Спохватившись, я принялась озираться, но найти огонёк разведённого ребятами костра не смогла. Будто меня отгородили от всего остального мира снежной пеленой зарождающейся вьюги.

– А ты? – Женщина по-птичьи склонила голову. Её лицо мелко подрагивало, будто она пыталась выразить сразу с десяток разных эмоций. Уголки губ то дёргались вверх, то опускались вниз. В нервном тике дрожали веки. Не человек, а кукла со сломанным механизмом. – Зачем ты пришла?

– Я пришла?! – вырвался из моей груди негодующий вскрик. – Я не хочу здесь быть!

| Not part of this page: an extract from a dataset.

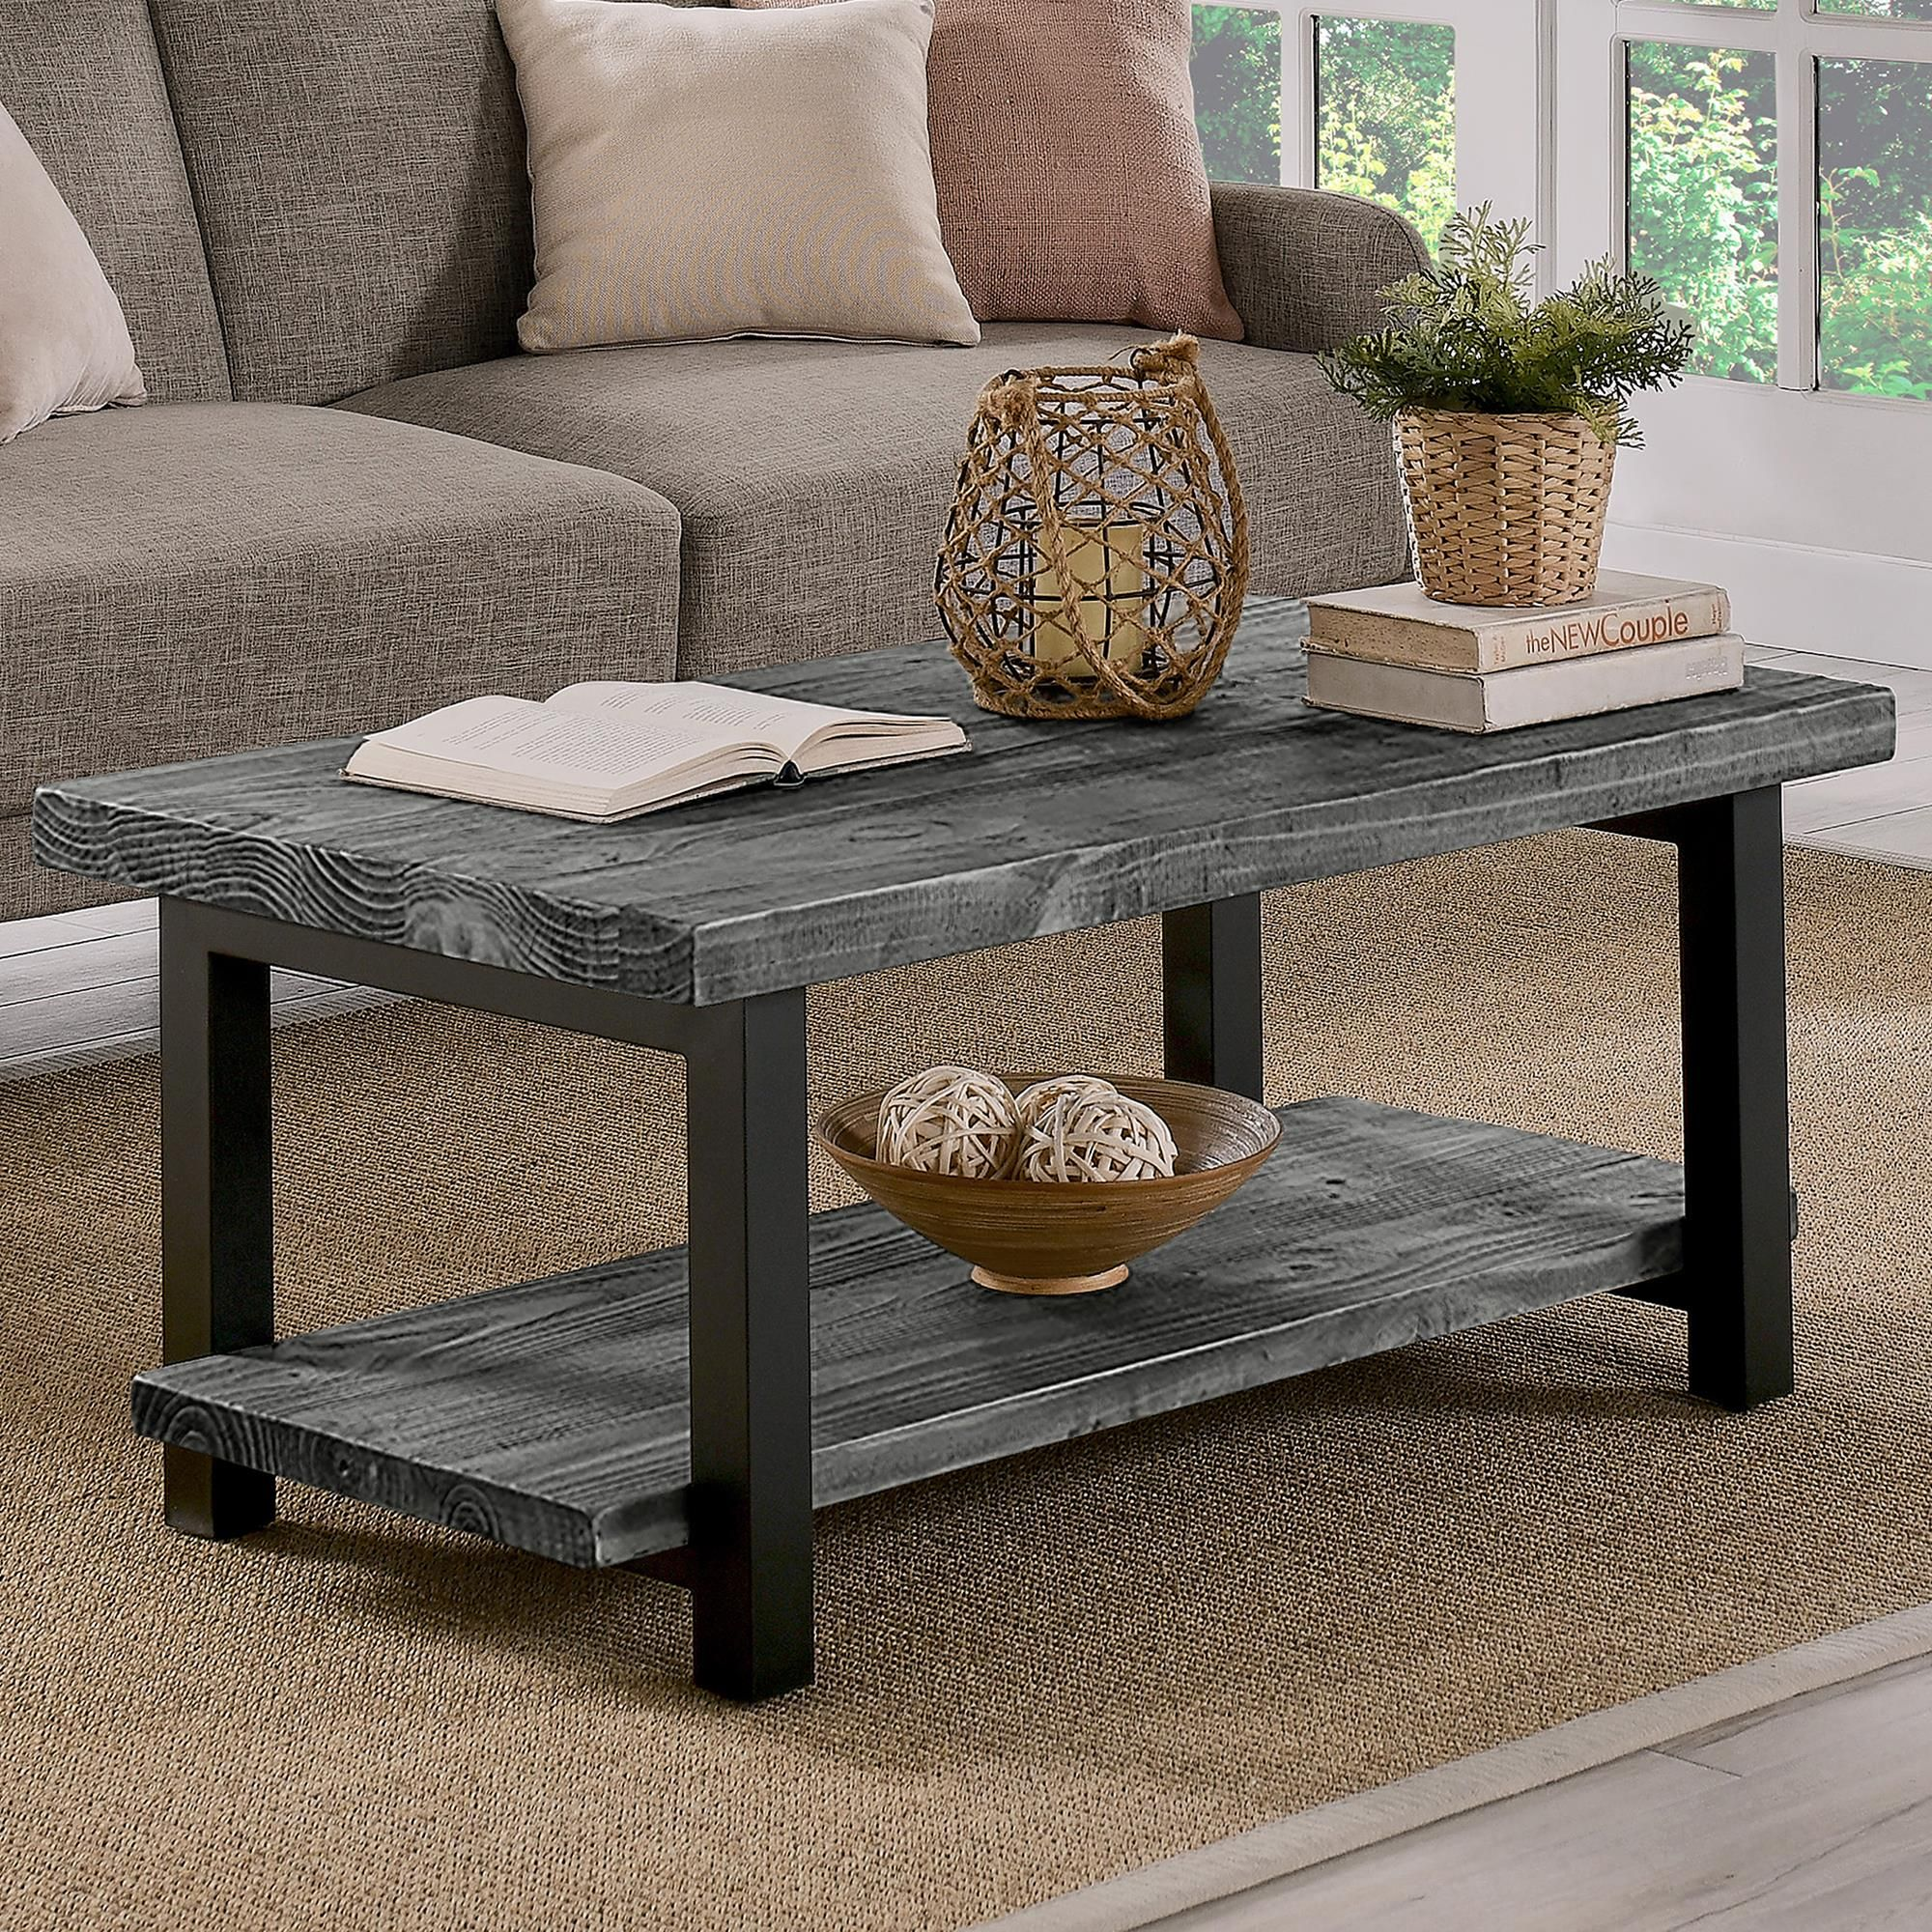 Bolton Furniture Pomona 42 Coffee Table In Black Metal Nfm Coffee Table Alaterre Furniture Coffee Table Wood [ 2000 x 2000 Pixel ]

Женщина покачала головой, и кристаллы, украшавшие её волосы, вспыхнули радужными бликами.

– Лжёшь.

Я ничего не понимала. Какой идиоткой нужно быть, чтобы захотеть вновь окунуться в этот дикий, болезненный кошмар? Кроме того, если бы мне хотелось, скажем, умереть, в последнюю очередь я бы стала воображать себе балет, который ненавидела всей душой.

Женщина вышла из тени воздушным фуэте, и я увидела, что она обута в пуанты, маслянисто блестящие чёрным атласом. Щиколотки и голени опутывали чернильные ленты. Тело облегало оперённое угольное трико, поверх которого вилась дымкой длинная юбка-тюник из антрацитовой газовой ткани. Женщина принялась танцевать вокруг меня – трепетная, болезненно дрожащая, будто каждый сделанный шаг причинял ей невообразимую боль и резал острыми ножами-копьями, проникающими сквозь стопы в голени, в колени, в бёдра, в рёбра, в сердце. Как русалочка из сказки – воплощённая боль.